On the one hand, I'm completely charmed. It's like magic. Melt some wax and smear it on a board and I've discovered this thing called encaustic. Who knew there was an actual name for it? And that it was 2000 years old? Though I worked hard and addressed a ton of technical issues in my rush to hang a show in a month, I never lost my sense of joyful disaster. It was not fun exactly, but it was completely absorbing. I still think about it all the time.
On the other hand, I have an MFA in writing, I've published several short stories. I have a novel I'm in the middle of rewriting. I write, that's my identity. So WTF?

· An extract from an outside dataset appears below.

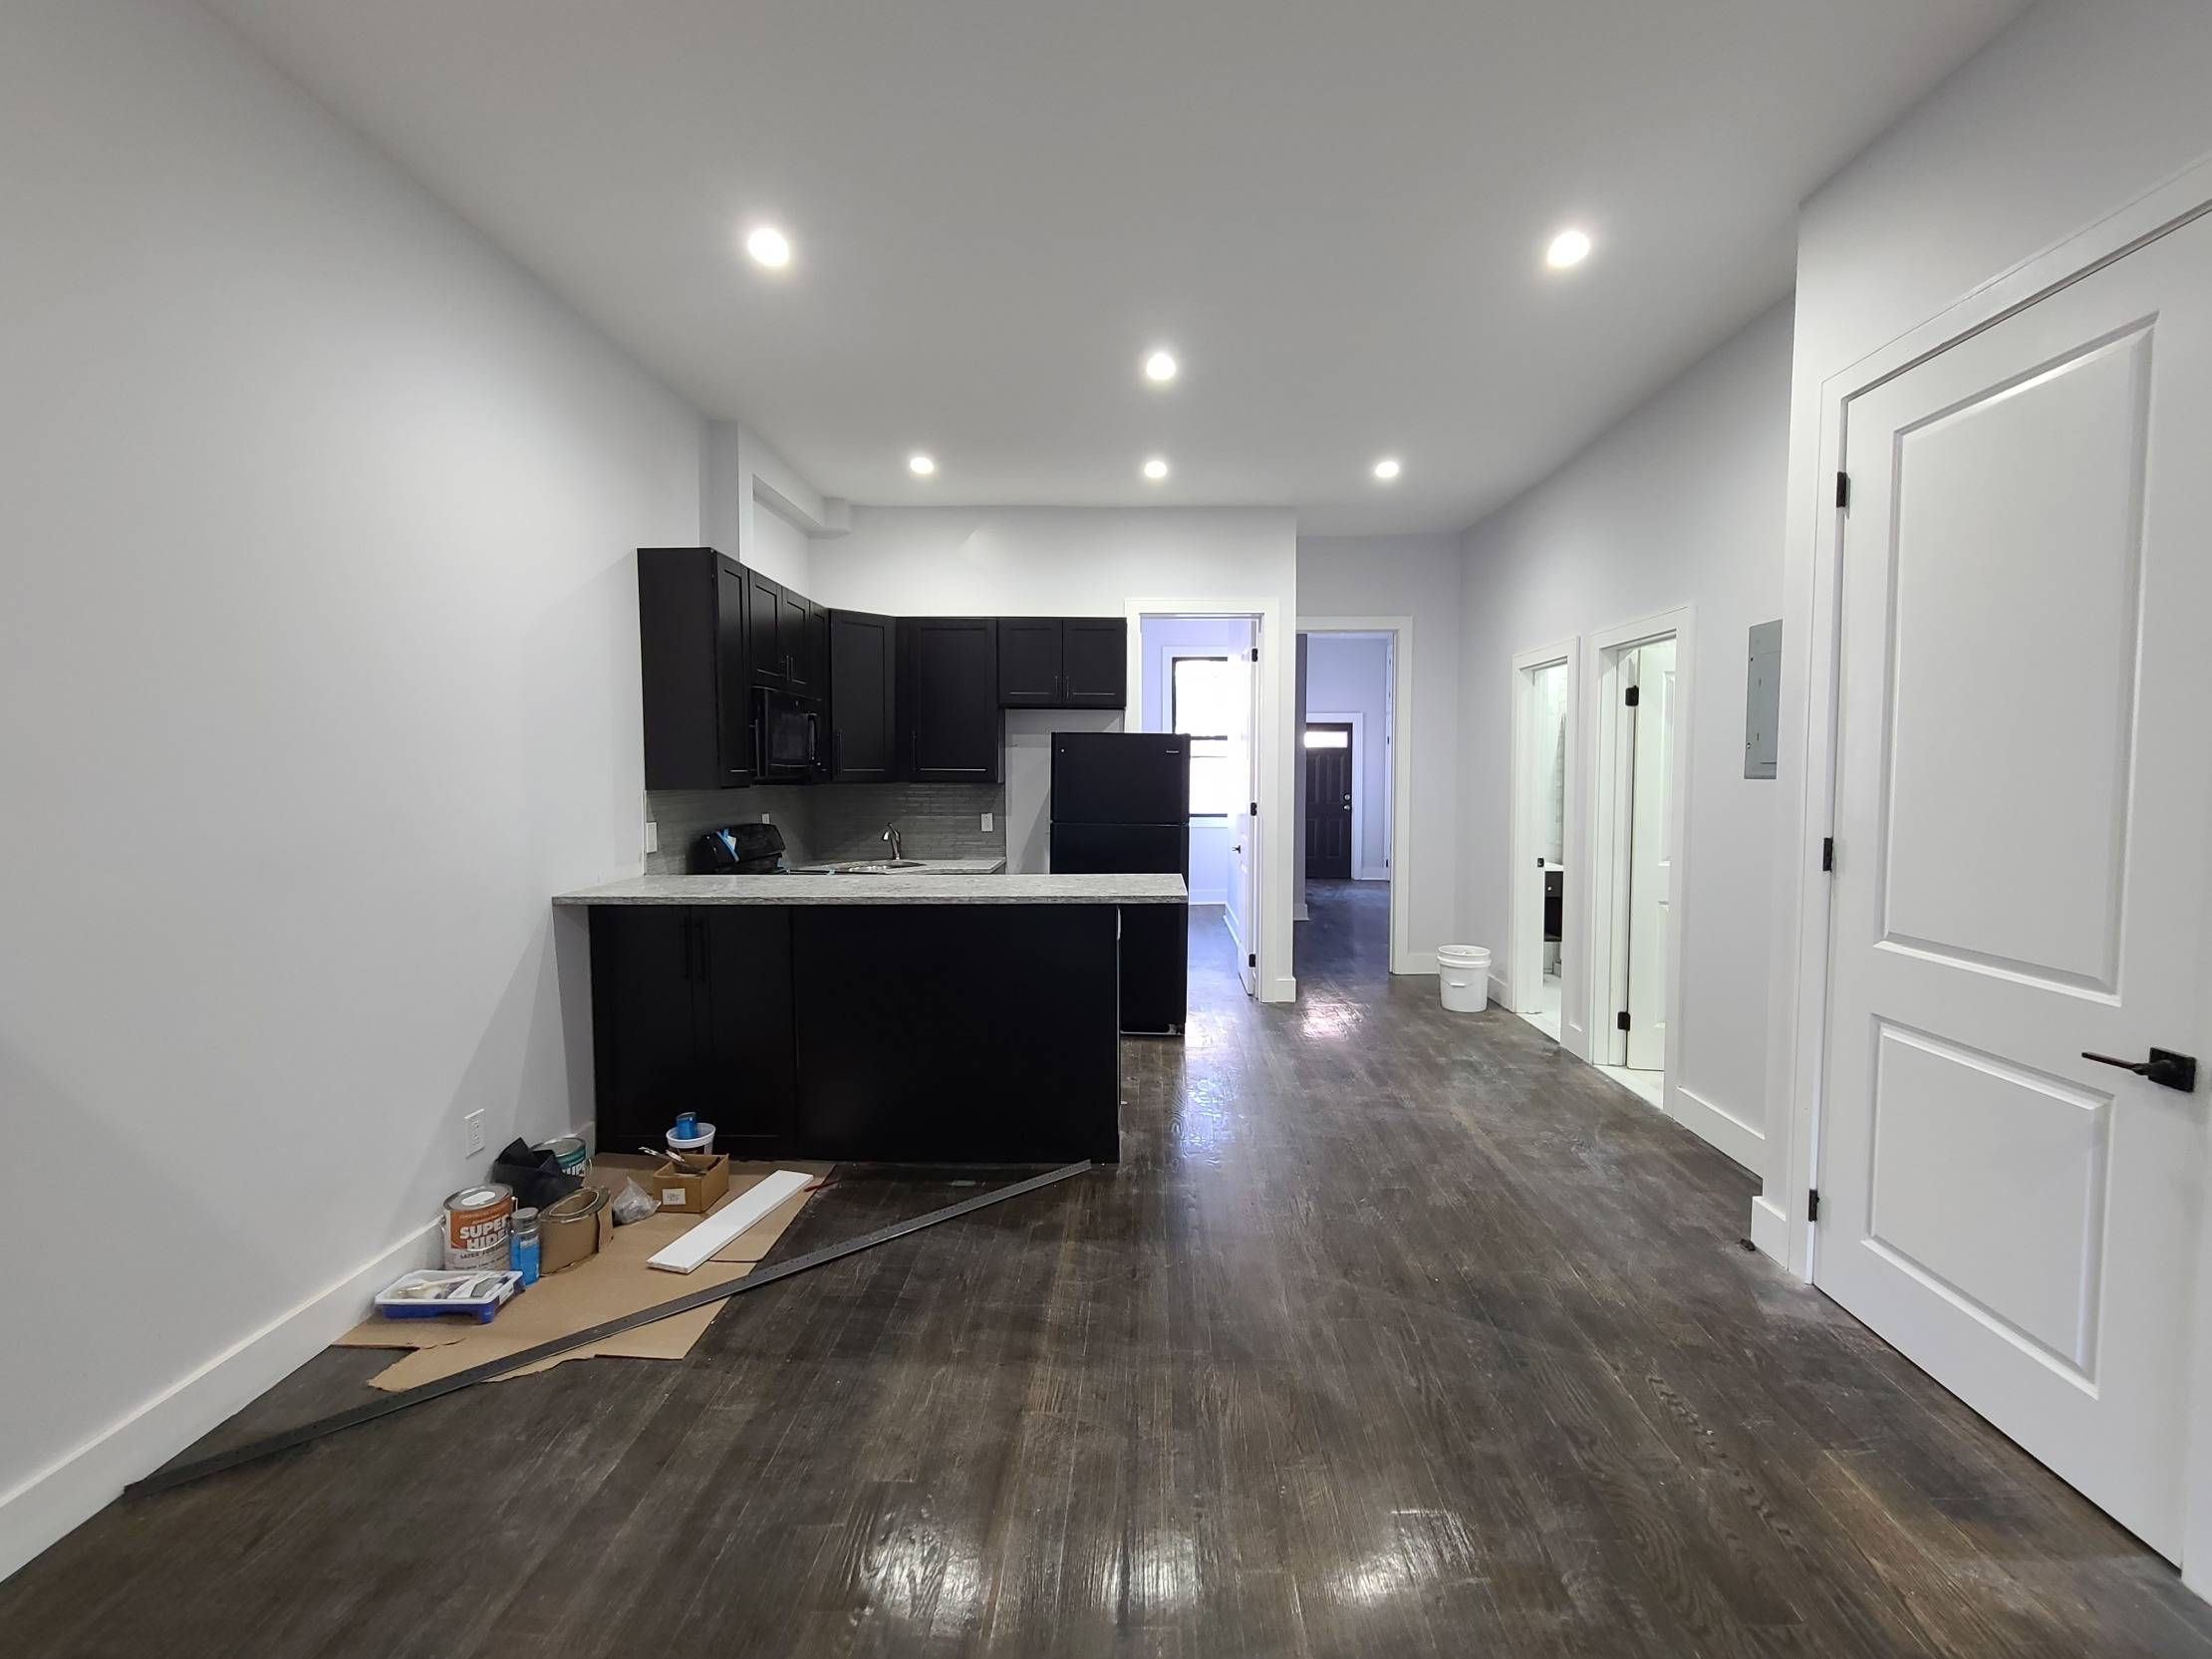 Floor through, 3 bedroom, 2 bathroom apartment available in Bushwick.

Here's the thing. My brother, Jason and I, were constantly drawing, sculpting in clay and sometimes steel, and making vitrified porcelain enamel panels and tiles. Other projects as needed, though not so much painting. Jason was two years younger and his work always looked so precise and contained. To my eye, it looked really good. My work was wobbly and all over. I drew a lot of castles and horses. Our parents seemed to praise his work more than mine, and I eventually stopped doing art stuff. So years later, my brother is gone (a long story, for another time) and I'm having a glass of wine with the parents. By then I've been to Reed and pretty much set myself on the path that will eventually lead to my making $25 per story (whoo). One of the parents asks, inevitably, "why writing?" I reply, "Jason was so gifted visually. He was the one who had the talent." Their mouths drop open in unison. After stuttering, one of them says, "No, K, you were the one with the talent."
Note to other parents out there: Tell your kid before they become English majors at rigorous private colleges.
As I write the above story, I realize that I am still a kid, living in the world where if one kid has something it automatically means the other kid doesn't. Why couldn't both artists' kids have talent? As a child I couldn't fathom such a thing. It was an either/or. So I chose writing, which meant never doing visual art again.
Is everyone like this? Or have I been wrong-headed all my life?
Anyway, I still want to sell my book. I thought of this cool way to up-tension the whole thing. More about that later. In the meantime, someone I know just sold to Ellery Queen. No cheap rag there!